“One of the greatest inventors of the last century” On October 5, 2011 Steve Jobs died, and with this epitaph the worldwide media said goodbye. Three years after his death, we look back on the inventor side of his legacy, as contentious and controversial as the rest of his personality.
His name appears as the author of 346 patents in the US registry, but his actual role in all these innovations has been challenged, as he really had no skills as a designer or engineer. In fact, his official biographer, Walter Isaacson, describes him as a tweaker: someone who, rather than invent, was devoted to tweaking and refining already-invented devices and technologies in order to simplify their use.
Macintosh: A great leap in the career of Steve Jobs was the introduction of the original Macintosh (1984), the first consumer computer with a graphical user interface. In other words, it had an operating system with windows and icons, and a mouse to move between them. This idea did not originate with Steve Jobs. It’s well known how he was inspired during a visit to the Xerox research centre, where all these ideas had already been developed. But Jobs managed to pack them all into a revolutionary computer, adding a few touches of his own.
Typography on screen: One of the major innovations of the original Macintosh was that it showed on the screen the font chosen for the text. Until then, what was drawn on computer screens was just like on a typewriter. It was on the insistence of Steve Jobs that the first Mac had the ability to display different fonts.
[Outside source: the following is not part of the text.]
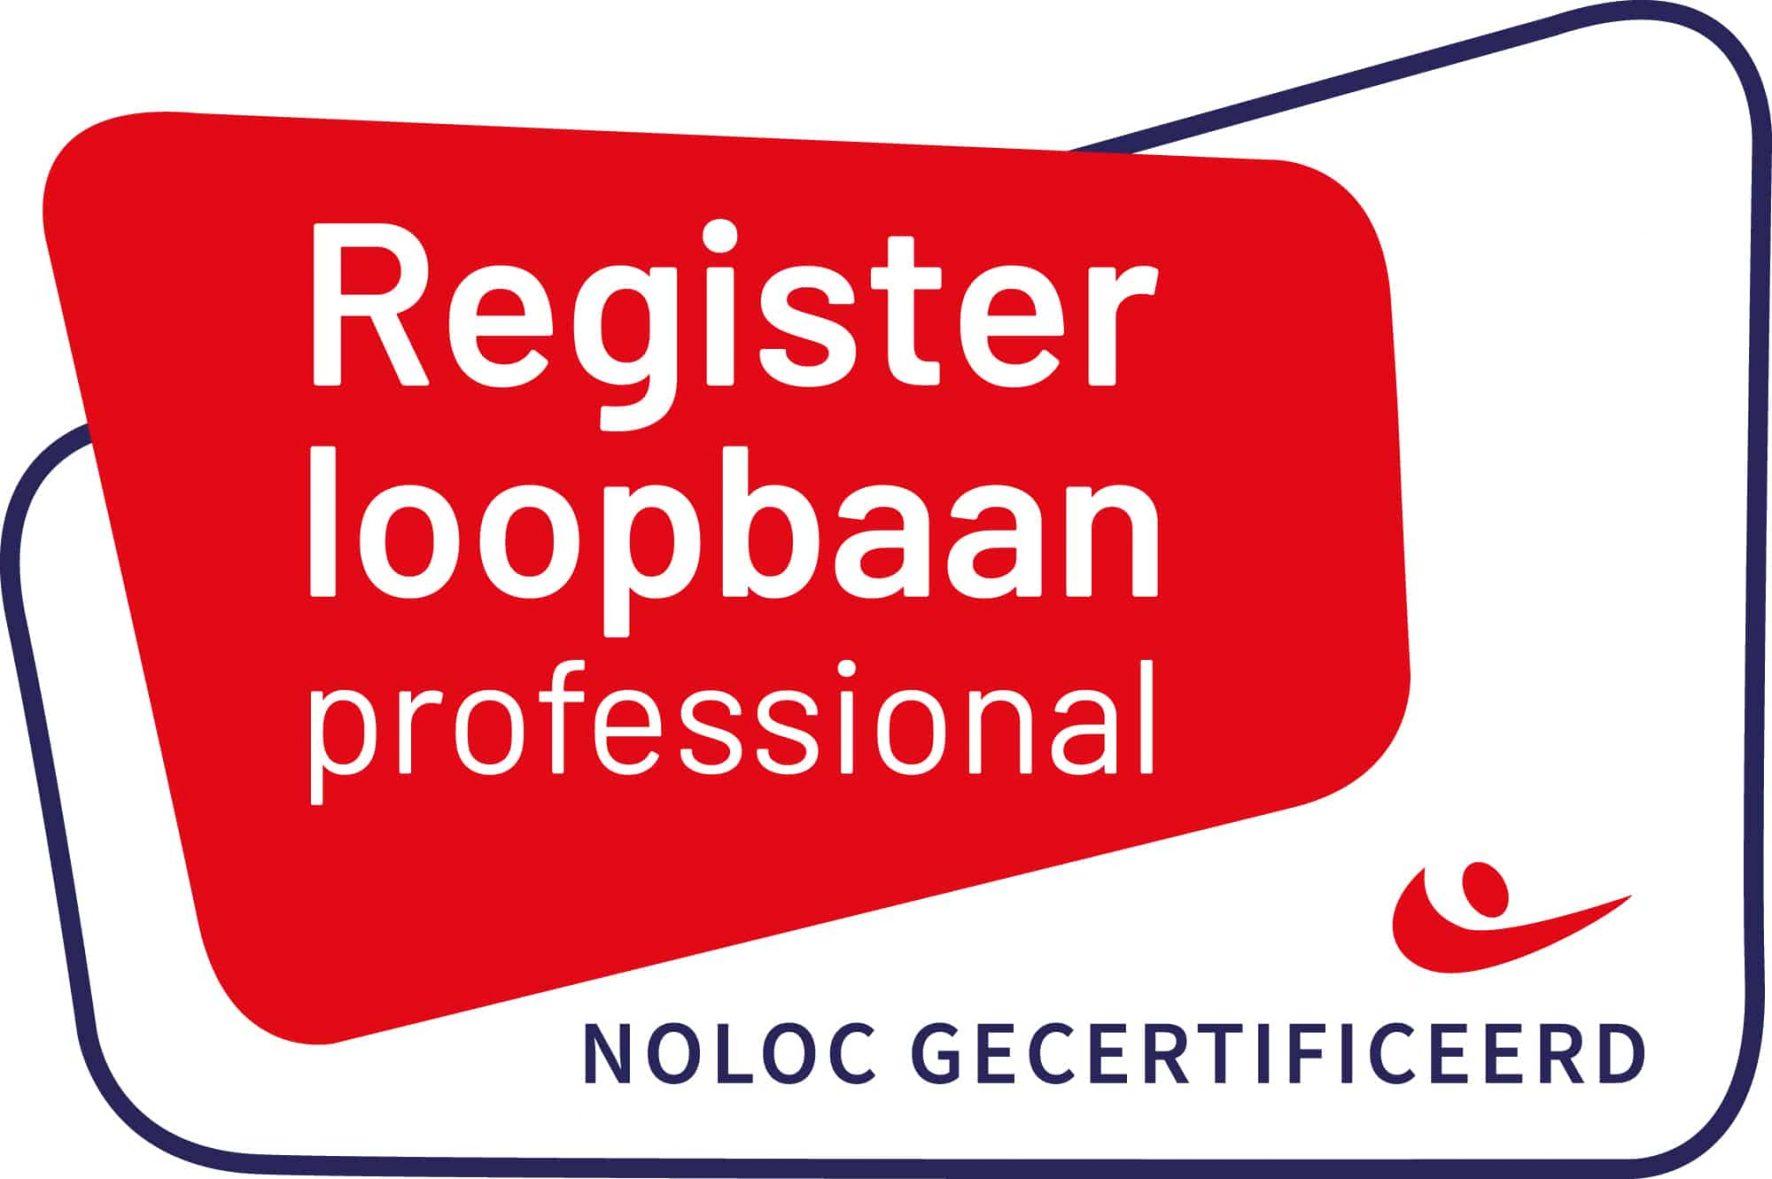 Register loopbaan professional Noloc gecertificeerd

As he explained in his famous speech at Stanford University, this effort was due to a fleeting period in college when he was bored and decided to take a course in calligraphy.
Mouse: Steve Jobs was not the inventor of the mouse, but during his career at the head of Apple, one of his obsessions was to perfect this device for communicating with computers, though the results were rather disparate. He first got it right with the simple one-button mouse for the original Macintosh, much simpler than the mice that he had discovered on his visit to Xerox PARC. Next, on the launch of the iMac, he insisted on the idea of a single-button mouse, but with a circular design that made it much more uncomfortable and confusing to users. Finally, with his immodest “Mighty Mouse” and “Magic Mouse,” he corrected the mistake and took his idea even further: Apple mice no longer have any buttons.
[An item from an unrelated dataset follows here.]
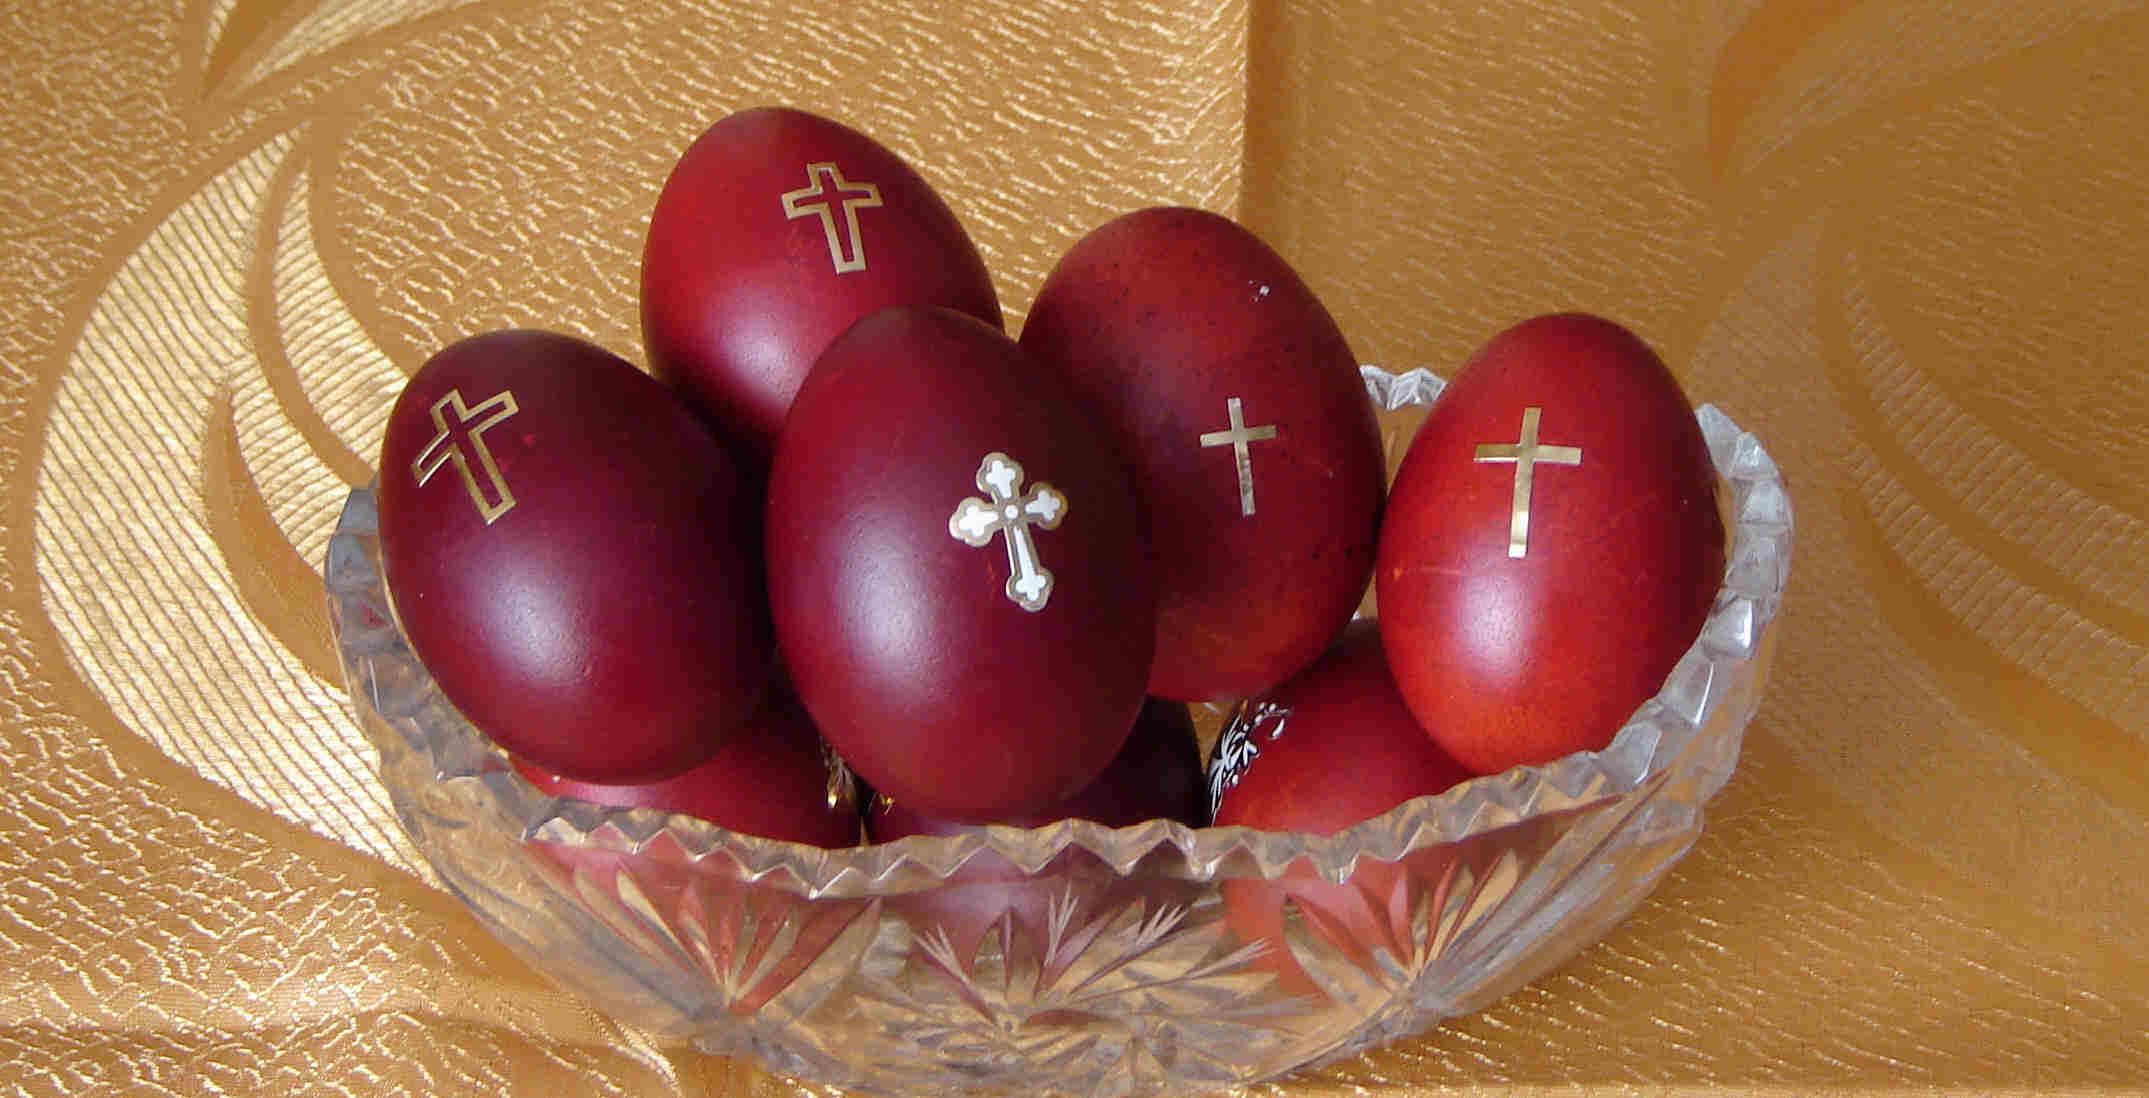 Αποτέλεσμα εικόνας για τα κοκκινα αυγα

iMac (1998) + iPod (2001) + iPad (2010): These three devices fall into the same category. With them, the Californian “tweaker” proposed reinventing three devices that seemed to him to be stagnant and/or useless: the personal computer, the MP3 player and the tablet PC. In all three cases his strategy was the same. He led teams of talented designers and software engineers and had them invent more and more prototypes. Then he eliminated the vast majority until he was left with one that did not upset him and, from that prototype, he had them start over, once again refining, looking for simplicity and beauty.
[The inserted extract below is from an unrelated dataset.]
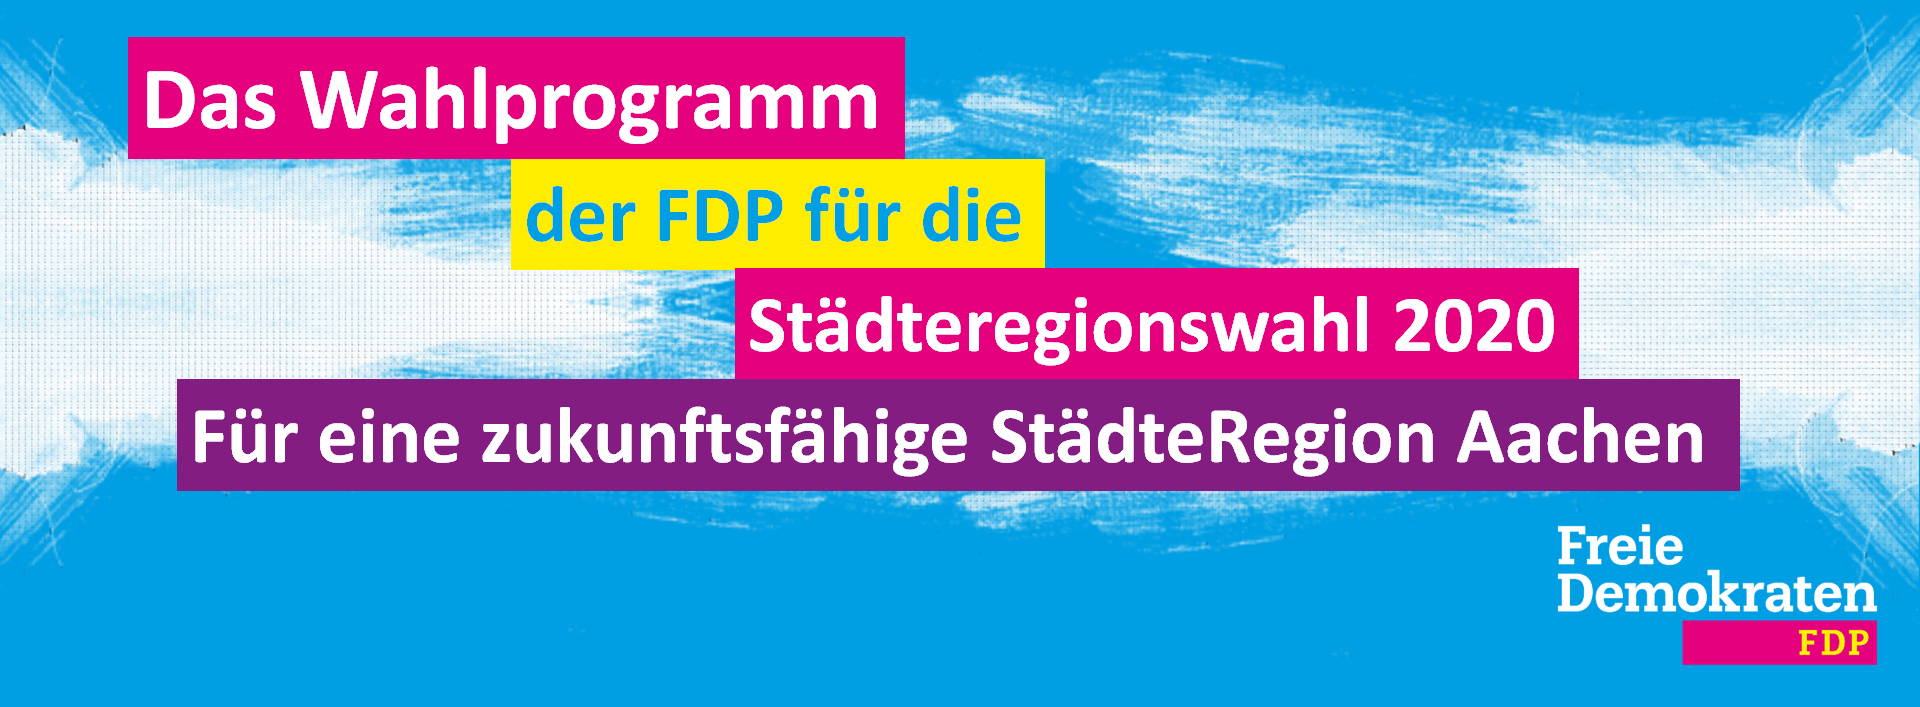 Wahlprogramm der FDP für die Städteregionswahl im Jahr 2020

iPhone: This same “Jobs method” was the key to developing the iPhone, perhaps the technological work that definitively exalted the president of Apple in 2007. Rather than reinventing the smartphone, the iPhone integrated functions of other mobile devices such as MP3 players, GPS navigators or even cameras, almost sweeping the market. The key to integrating all these capabilities into a single terminal was reinventing the operating system, again putting together pieces that already existed: icons, touchscreens and gesture control (like using two fingers to enlarge or reduce a picture on the iPhone, or swiping the screen to unlock the phone).
After the announcement of the iPhone in January 2007, the competitors of Apple began working on this same product line, and from there arose the disagreements of Jobs with executives from Google and Samsung. The great “tweaker” disliked that others were inspired by his creations. Thus he started a patent war in which he won a great battle posthumously: in October 2013, Apple won a patent that gathers together, in 364 pages, many details of the original iPhone. Apple had just passed two years from the death of its technological father, and that macro-patent became known as the “Steve Jobs Patent”.